Maria Pavon, a Cuixmala reservations booker based in the inland city of Colima, said there were no guests staying when the storm hit as they all been evacuated. But there was no word yet on the state of the resort. She and colleagues had been unable to make contact as phone lines were down, Ms. Pavon said.

The area around Cuixmala is sparsely populated, but there are small towns, and it was not clear yet how much damage they had suffered.

At one point generating sustained winds of up to 200 mph, Patricia was the strongest hurricane ever recorded in the Western Hemisphere. Even though it lost some power before coming ashore, it was still a Category 5 storm, the strongest on the five-step Saffir-Simpson scale. Such storms are relatively rare and are capable of causing devastating destruction.

Patricia's ferocious core was relatively small, with hurricane force winds extending 35 miles from the center, the Hurricane Center said. This meant Puerto Vallarta and Manzanillo were spared the worst.

In Puerto Vallarta, Brian Shelley, a tourist from Chicago, rode out the storm eating burgers with other guests at a boutique hotel on a hill.

After talking one of his panicked traveling companions into staying, he was glad Patricia turned out to be less punishing than was feared. "I've seen bigger waves on normal days," he joked.

In Manzanillo, Ramona Delgado who manages an apartment block, spent the night in darkness at home with her two children, but said on Saturday morning the lights were back on.

"It scared us a lot, we thought Manzanillo was going to disappear," she said. "There are only fallen trees on our block."

Once inland, Patricia rapidly lost power.

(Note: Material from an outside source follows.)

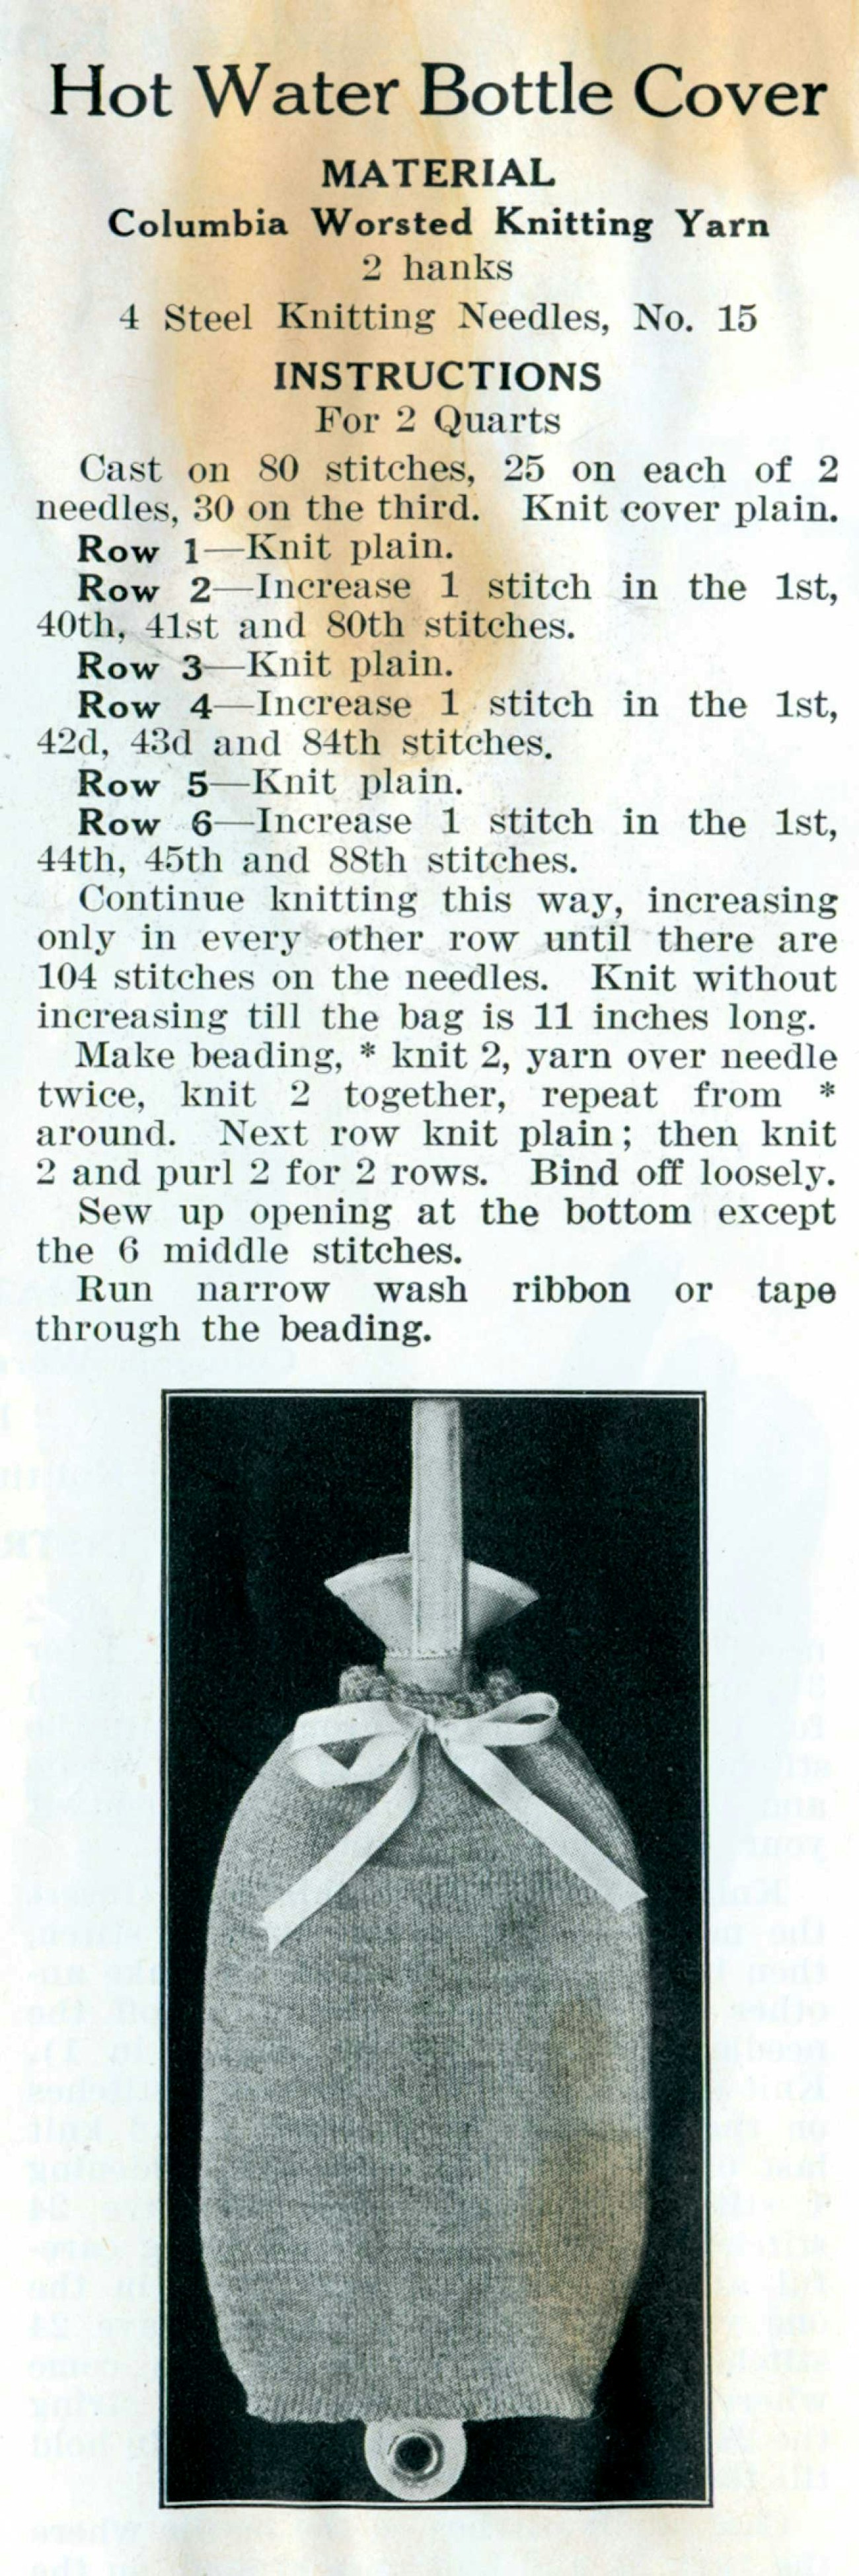 knitting-comforts-for-troops-2
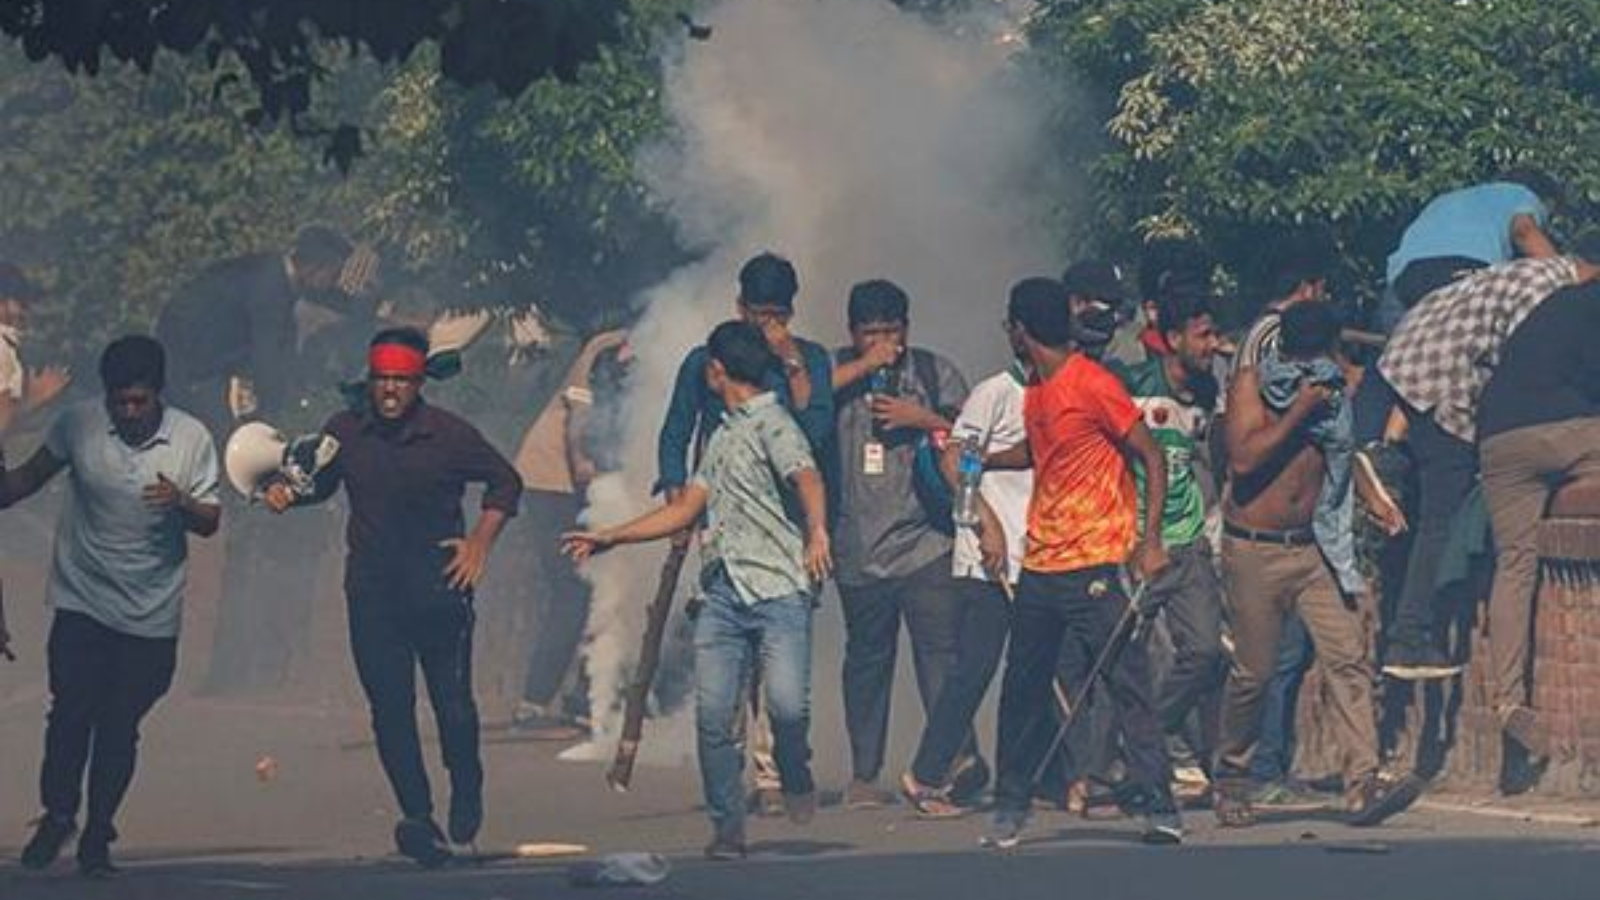 Amid Bangladesh anti-quota protests, High Commission in Dhaka asks Indians to avoid travel

By mid-morning on Saturday morning it had been downgraded to a tropical depression with its maximum winds down to about 35 mph, the Miami-based Hurricane Center said.

The storm was located about 95 miles northeast of the central city of Zacatecas, heading rapidly northeast at 24 mph, the center said.

However, Patricia could still pose a flood threat. It was expected to produce total rainfall accumulations of 8 to 12 inches, with isolated maximum amounts of 20 inches, over the Mexican states of Nayarit, Jalisco, Colima, Michoacan, and Guerrero through Saturday, the center said.

In a brief televised address on Friday, President Enrique Pena Nieto said that "initial reports confirm that damage has been less than would be expected of a hurricane of this magnitude." But he urged Mexicans not to lower their guard yet.

The government cautioned that ash and other material from the volcano of Colima, some 130 miles from Puerto Vallarta, could combine with heavy rainfall to trigger liquid cement-style mudflows.

Patricia became a tropical storm on Thursday and strengthened with stunning speed as it closed in on the Mexican coast. Meteorological authorities compared it to Typhoon Haiyan, which killed over 6,300 people in the Philippines in 2013.

The strongest storm on record was Cyclone Tip which hit Japan in 1979.